Lesson 021: Calendar as Portfolio Optimization, Not Top-N Ranking

The Lesson

When selecting a fixed-size collection where the items must work together (a calendar, a playlist, a portfolio, a menu), the problem is constrained set optimization — not top-N ranking. The best collection often contains none of the individually top-ranked items, because collection-level properties (diversity, coverage, balance) matter as much as individual quality.

Context

A project needed to select 13 images for a 13-month calendar from a pool of 12,217 Artemis II mission photos. Each image had a preference score from voter data. The naive approach — pick the 13 highest-scoring images — would likely produce a visually redundant calendar (e.g., 13 similar Earth-from-orbit shots) because the most popular image types cluster together in the embedding space.

What Happened

Framed the problem initially as "rank images, take top 13." This was the simplest baseline (Method A) and served as a comparison point.
Realized the calendar has collection-level requirements that top-N ranking ignores: visual diversity (no two images too similar), month fit (bright warm images for summer, dramatic images for December), mission coverage (launch, transit, lunar orbit, return), and a suitable cover image.
Designed a multi-objective utility function that scores the entire 13-image set, not individual images: preference sum + diversity bonus + month-fit sum + cover score - redundancy penalty - uncertainty penalty.
Implemented 5 selection methods: naive top-13 (baseline), cluster-limited top-13, best-per-cluster, month-first greedy, and multi-objective MMR greedy. Each produces a different 13-image slate.
Ran all 5 methods on real data.

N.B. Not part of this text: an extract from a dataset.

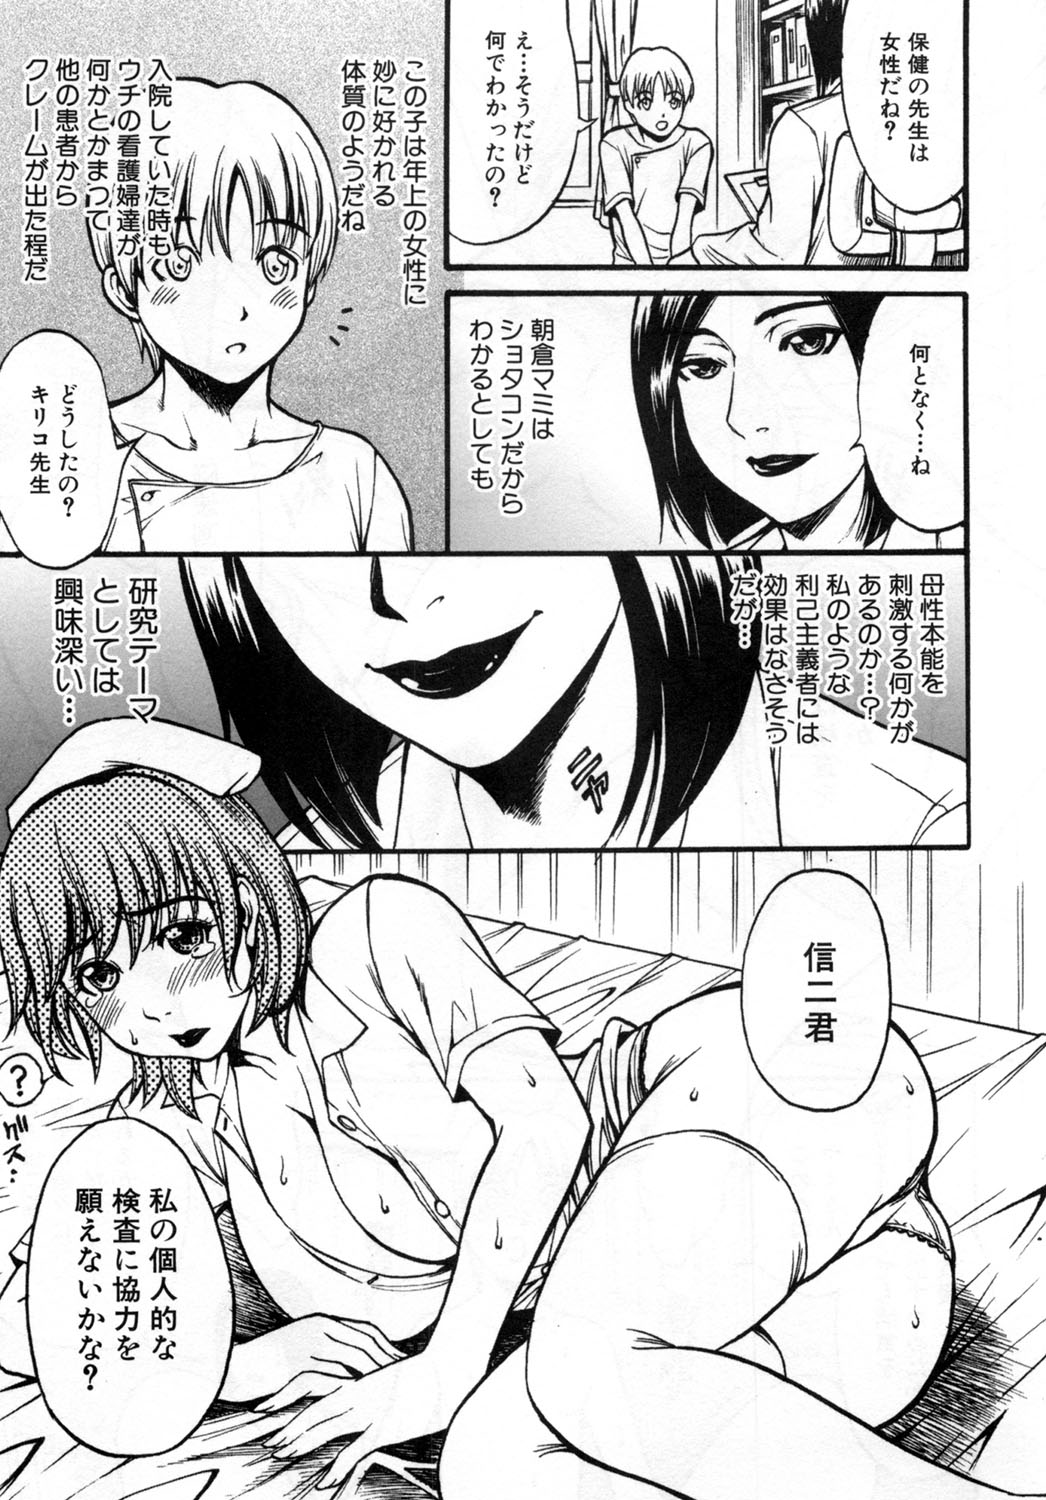 [Kuniaki Kitakata] Boku no Mama (My Mom) Chapters 1-4 page 49 full

Method A (naive top-13) and Method E (MMR greedy) shared 0 of 13 images — the optimization selected entirely different images than naive ranking.
Method B (cluster-limited) scored highest on the objective function — it kept most of top-N's popularity while enforcing diversity through cluster constraints. Method C (per-cluster) achieved perfect diversity (1.0) but lower popularity.

Key Insights

Top-N is a baseline, not a solution. For any collection problem, implement naive top-N first — it takes 5 minutes and provides the comparison point that justifies the optimization work. But never ship it as the final answer.
Diversity and preference are in tension. The most popular images tend to cluster visually (similar scenes, similar compositions). Enforcing diversity pushes the optimizer toward less popular but more distinctive images. The objective function's weights determine the trade-off.
Hard constraints beat soft penalties for diversity. "Max 2 images per visual cluster" is easier to implement, explain, and verify than a continuous diversity penalty. Use hard constraints first; add soft penalties only if the constraints are too rigid.
Multiple methods expose the trade-off frontier. Generating 5 candidate calendars makes the diversity-vs-popularity trade-off visible. Method A maximizes popularity. Method C maximizes diversity. The user picks the balance they want.
The cover image is a separate decision. Cover suitability (visual impact, broad appeal, typography space) is different from monthly-page suitability. Selecting the cover from the 13 chosen images — not from the full pool — ensures it's already in the calendar.

Examples

Results from 12,217 images, k=25 visual clusters:

Method	Objective	Popularity	Diversity	Shared with Top-13
A: Naive top-13	14.19	4.32	0.77	13/13
B: Cluster-limited	14.26	4.32	0.85	11/13
C: Per-cluster	13.96	4.01	1.00	5/13
E: MMR greedy	11.89	2.79	0.77	0/13

Method E selected entirely different images — it aggressively penalizes redundancy via CLIP cosine similarity.

Applicability

This lesson applies to any "select K items from N" problem where the items interact:

Music playlists (genre diversity, tempo flow)
Product recommendations (category coverage, price range)
Conference schedules (topic diversity, speaker variety)
Investment portfolios (sector diversification, risk balance)
Exam questions (topic coverage, difficulty distribution)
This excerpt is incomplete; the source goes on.